Yeis / Ümitsizlik; her türlü ilerleme, olgunluk ve yükselişin yegâne / tek mâniası, engelidir.

     Hele “Neme lâzım, başkası düşünsün!” anlayışı, yeis ve ümitsizliğin tutunduğu zayıf  bir daldır.

     Çünkü herkes: “Ben olmazsam, bizzat ben durumun gereğini yerine getirmezsem, bu dâva çöker, bu iş sonuçlanmaz!” diye düşünerek ümitsizliğe veda etmeli.

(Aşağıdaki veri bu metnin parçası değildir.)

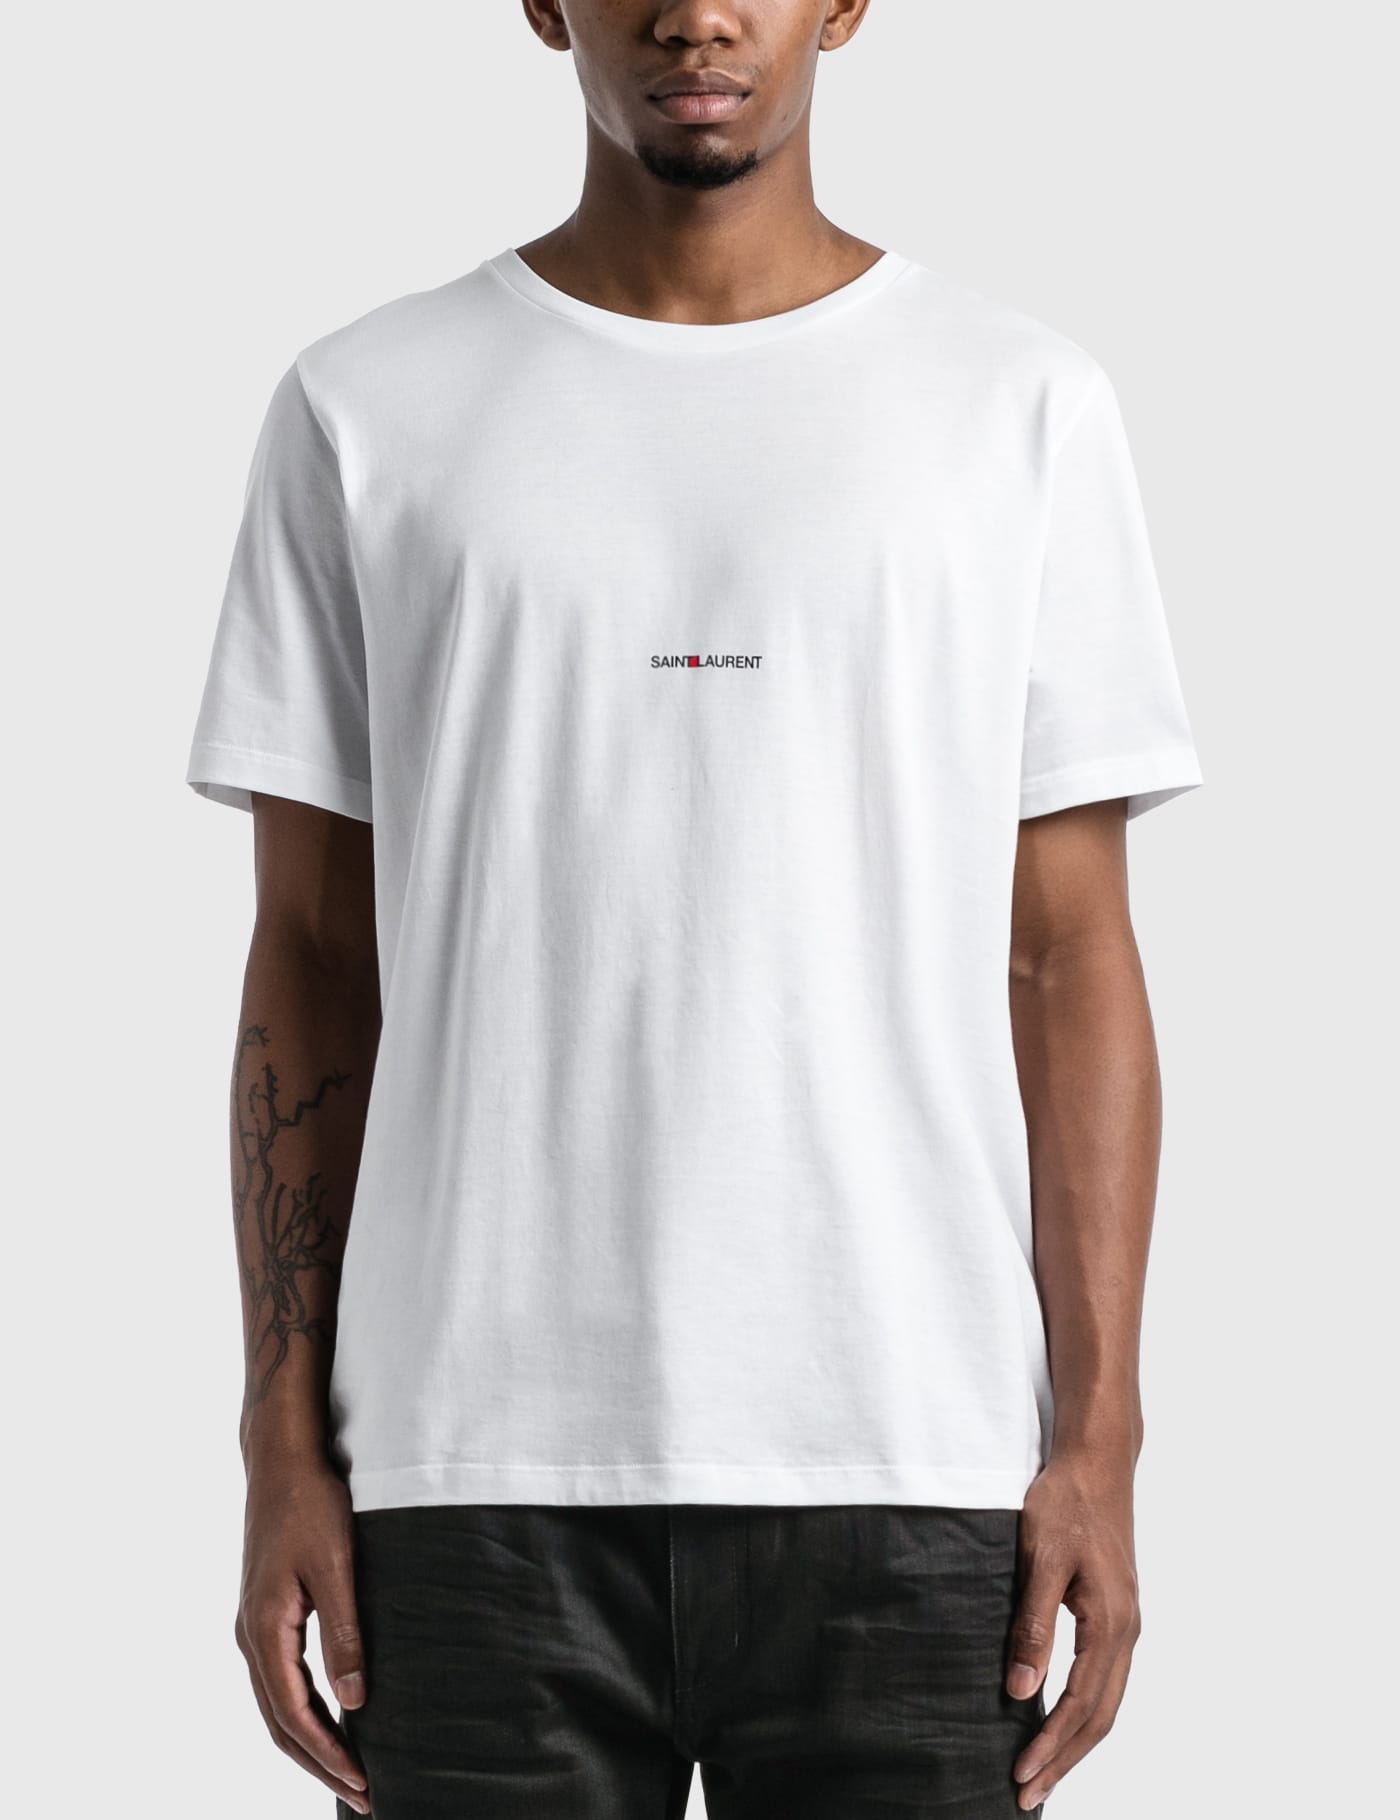 Saint Laurent - Saint Laurent Logo T-Shirt | HBX - Globally Curated Fashion  and Lifestyle by Hypebeast

     Tıpkı “Bir kişi cennete girecek!” dendiğinde “O kimse ben olabilirim.” diye ümit içinde üzerine düşeni yapmaya çakışmak gibi.

x

     Yeis, insanın mükemmel olmak isteği önünde, en büyük engeldir. Ancak cesaretten yoksun, adım atmaya korkan âciz kimselerin buldukları, temelsiz bahaneden başka bir şey değildir.

     Halbuki fena birine, yeri geldikçe fenalıklarını başa kakmak yerine, iyi biri olabilecek kapasiteye sahip olduğunu sık sık hatırlattığımız takdirde ve o kimseye iyilik şırınga ettiğimiz zaman; onun iyi bir insan olacağını ummak; onun hakkında iyi niyetler ve güzel ümitler beslediğimiz için, güzel netîce ve sonuçlar alacağımız kuvvetle muhtemel ve ihtimal dahilindedir.

     Çünkü hayat bir faaliyet ve harekettir. Şevk ise onun matiyyesi / binek hayvanıdır.

     Himmet / emek ve gayretimiz şevke / istek ve heves atına binip, hayatın mübareze / çekişme meydanına çıktığı zaman, en evvel şedîd / sert düşmanımız olan, mânevî kuvvetimizi kıran yeise rastlarız. O düşmana karşı:

     “Ümidinizi kesmeyin!” kılıcını istimal etmemiz / kullanmamız gerekir.

     Yani:

     “(Ey Resûlüm! Hangi asırda olduğu fark etmez. Bilerek bilmeyerek, gırtlağına kadar günaha batmış kullarıma) De ki: ‘Ey (hayat nimetini israf etmek suretiyle) kendilerine kötülük edip (günahta) aşırı giden kullarım (sakın ha!) Allah’ın rahmetinden ümidinizi kesmeyin (Siz samimi bir tevbe ile kapısına gelirseniz) Allah bütün günahları bağışlar. Çünkü O (tevbe eden kullarına karşı bağışlaması bol olan) Gafûr (merhameti bol olan) Rahîmdir.’ ” (Zümer: 53, Veli Tahir Erdoğan)

x

     Unutmayalım ki, insanları canlandıran emel, öldüren ise yeis, yani ümitsizliktir.

     Üstelik yeis bir bakıma yılgınlık, dalâlet / sapık fikirlerin ve kalb karanlığının ve ruh sıkıntısının da menbaı / kaynağıdır.

    x    

     Yeis aczden gelir.

     Hamiyet / gayret ise,

     Tüm mani ve engeller karşısında,

     Metanet ve sağlam duruşu muhafaza etmektir.

     Yaşasın sıdk!

     Ölsün yeis!

     Muhabbet devam etsin!

     Şûra / İstişare Meclisi kuvvet bulsun!

     Bütün levm / çekiştirme

     Ve itab / azarlama ve paylama ve nefret,

     Heva ve hevese tâbi olanlara / uyanlara olsun!

     Selâm ve selâmet

     Hüdaya / doğru yola tâbi olanlar üstüne olsun!